Mayo Clinic's chief information security officer, Jim Nelms, is no longer with the clinic, the Post-Bulletin has learned.
Nelms is well-known nationally as an information security expert, with 14 years of experience with the World Bank. This month, he was to be featured in a webinar called, "The Changing Role of the Chief Information Security Officer: What Every CISO Should Know," also featuring the chief information security officer with Veracode.
Nelms could not be reached for comment this morning.
Mayo spokesman Karl Oestreich confirmed today that Nelms is no longer with the clinic, saying in an email that Nelms had "recently resigned from Mayo Clinic. We are thankful for the contributions Jim has provided to Mayo Clinic since 2013, including the formal establishment of the Office of Information Security. We wish Jim success in his future endeavors."
Oestreich said Mayo has begun a search for a new chief information security officer.

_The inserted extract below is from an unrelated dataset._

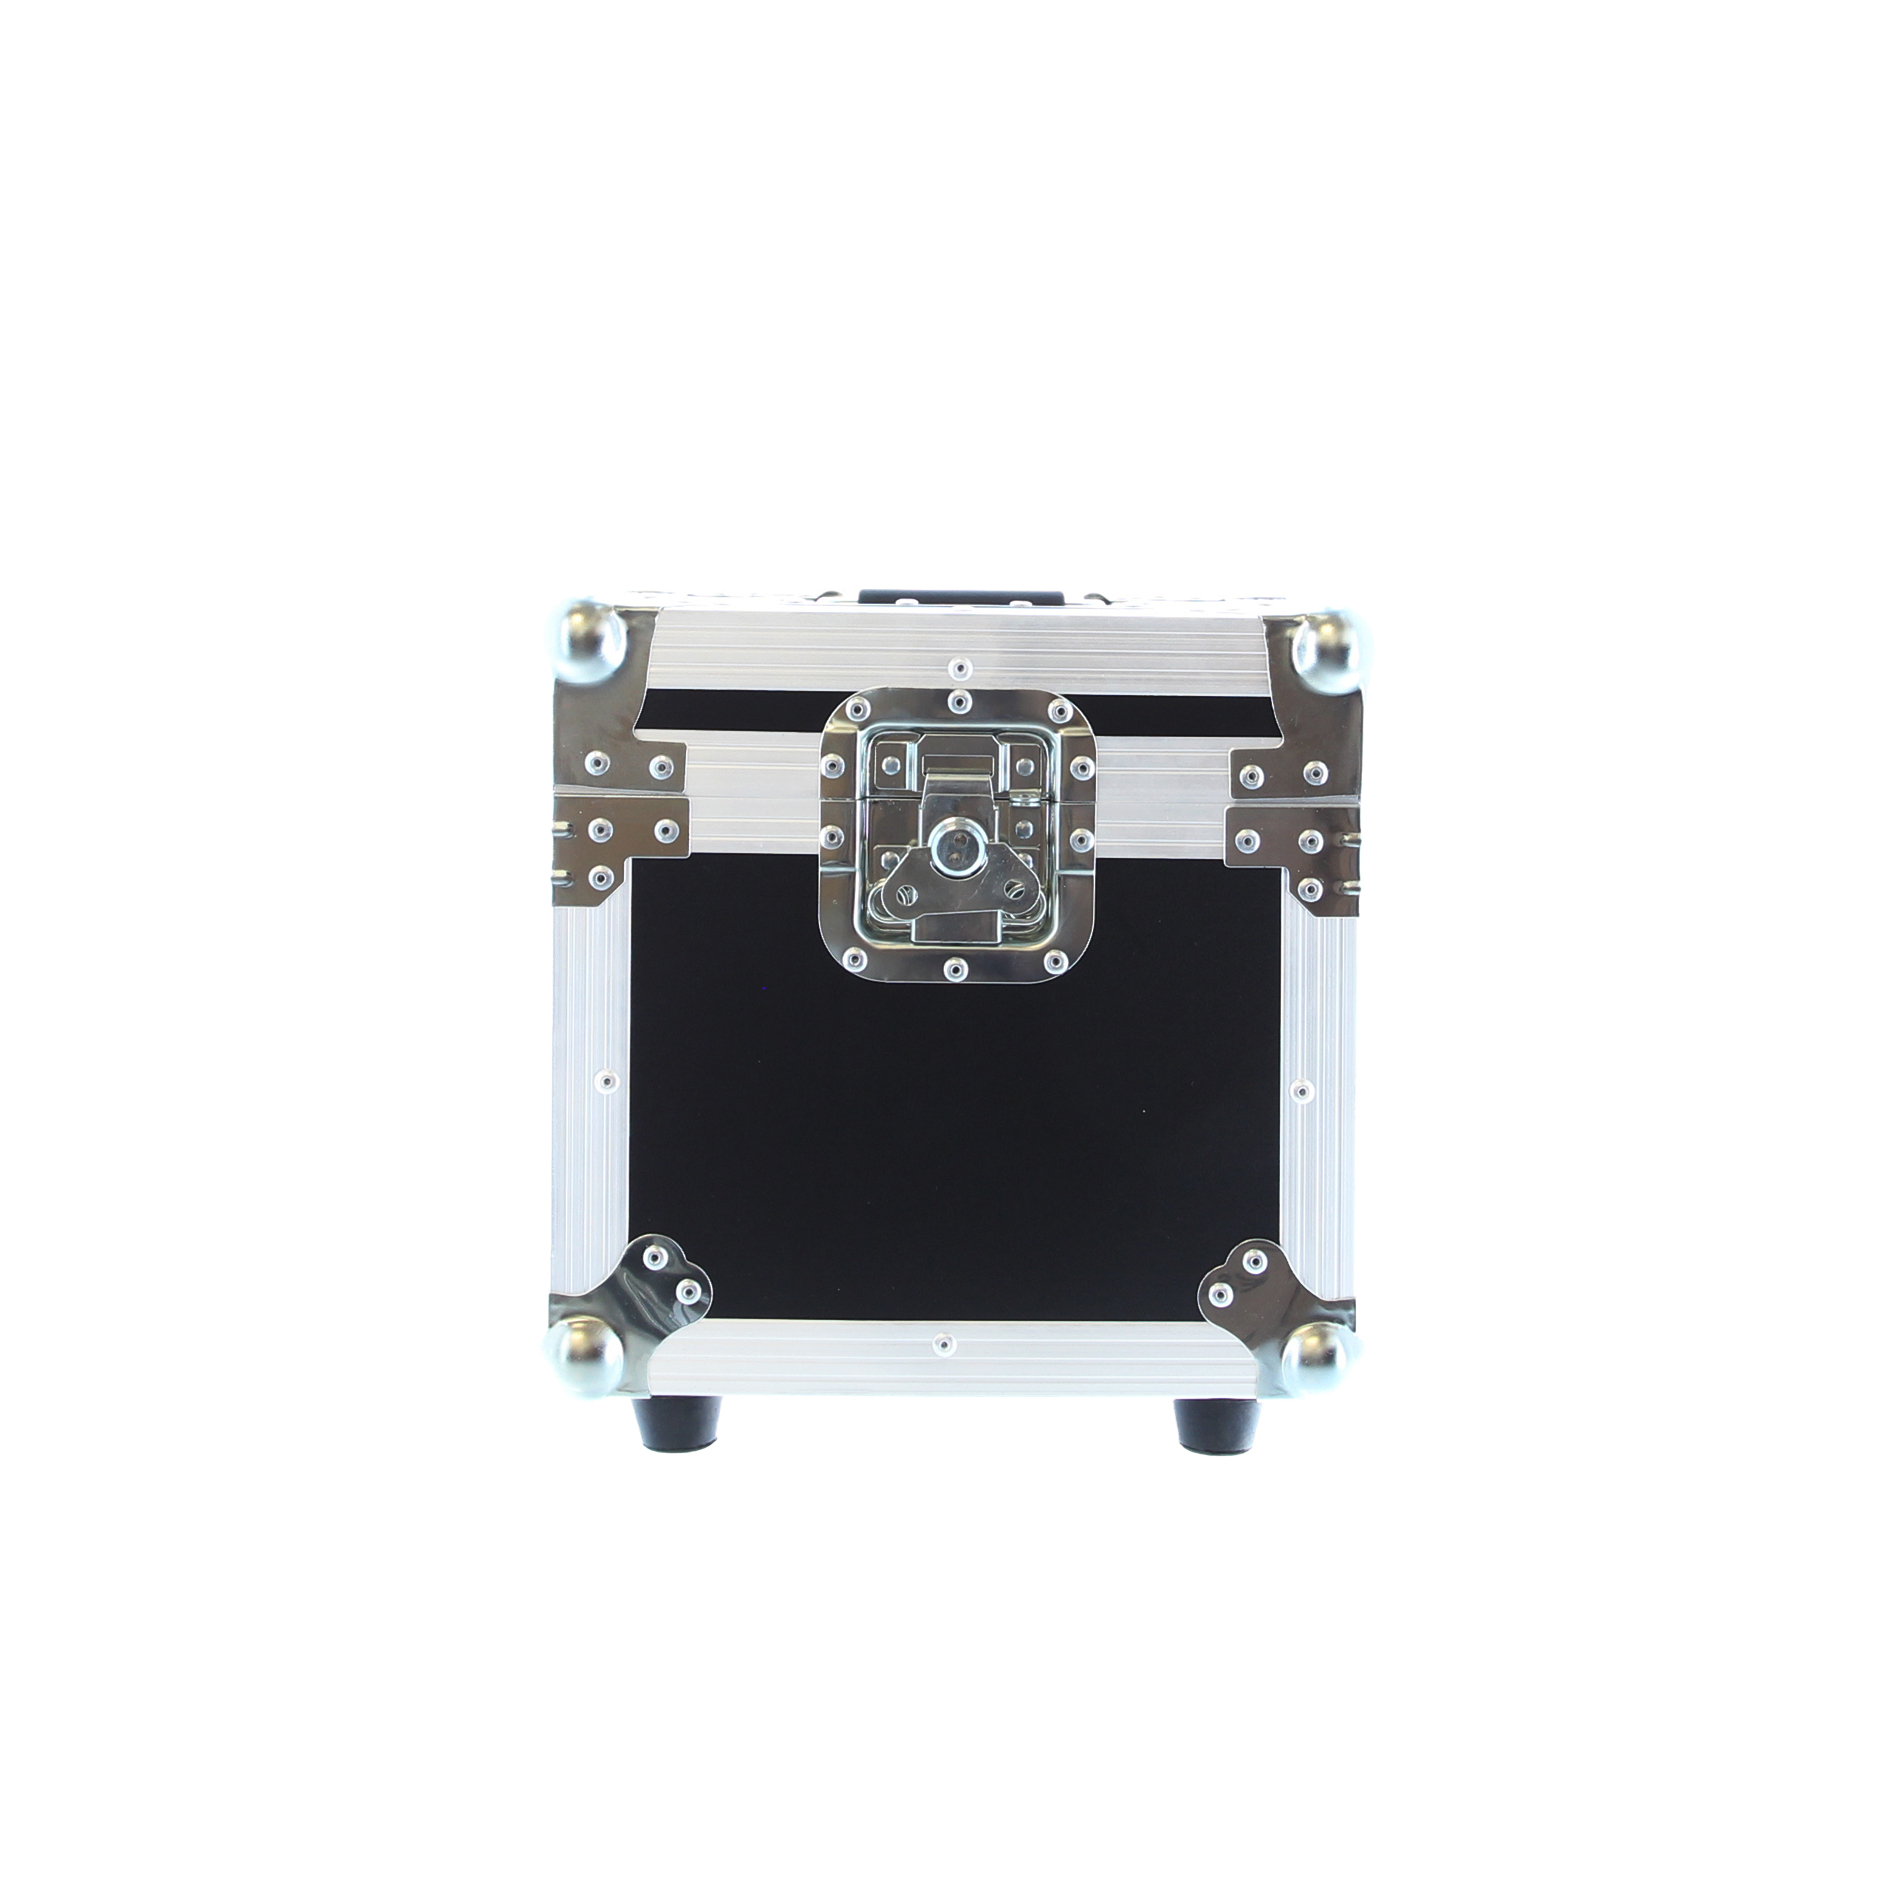 Power Acoustics Fc Pegase - Bag & flightcase for lighting equipment - Variation 2

According to his LinkedIn page, Nelms had been CISO at Mayo since March 2013. He was with the World Bank from 1999 to 2013. His LinkedIn page describes him as "a leading information security and risk management practitioner with a broad experience in creating, transforming and sustaining architectures for protecting organizations and their information assets."
Nelms has often been cited in national media on health information security issues. In a story with the headline, "Most large health organizations have already been hacked -- twice," Nelms said defending against data breaches was extremely difficult and "the adversary is way ahead of us right now."
Nelms said in that story, published last summer on the Advisory Board Company website, that it can be difficult to convince "hospital staff" that cybersecurity is necessary. "When (Nelms) implemented a stronger authentication system for the organization's network, 'A lot of the response was, 'We live in a cornfield in the middle of Minnesota. Who wants to hurt us?' he says."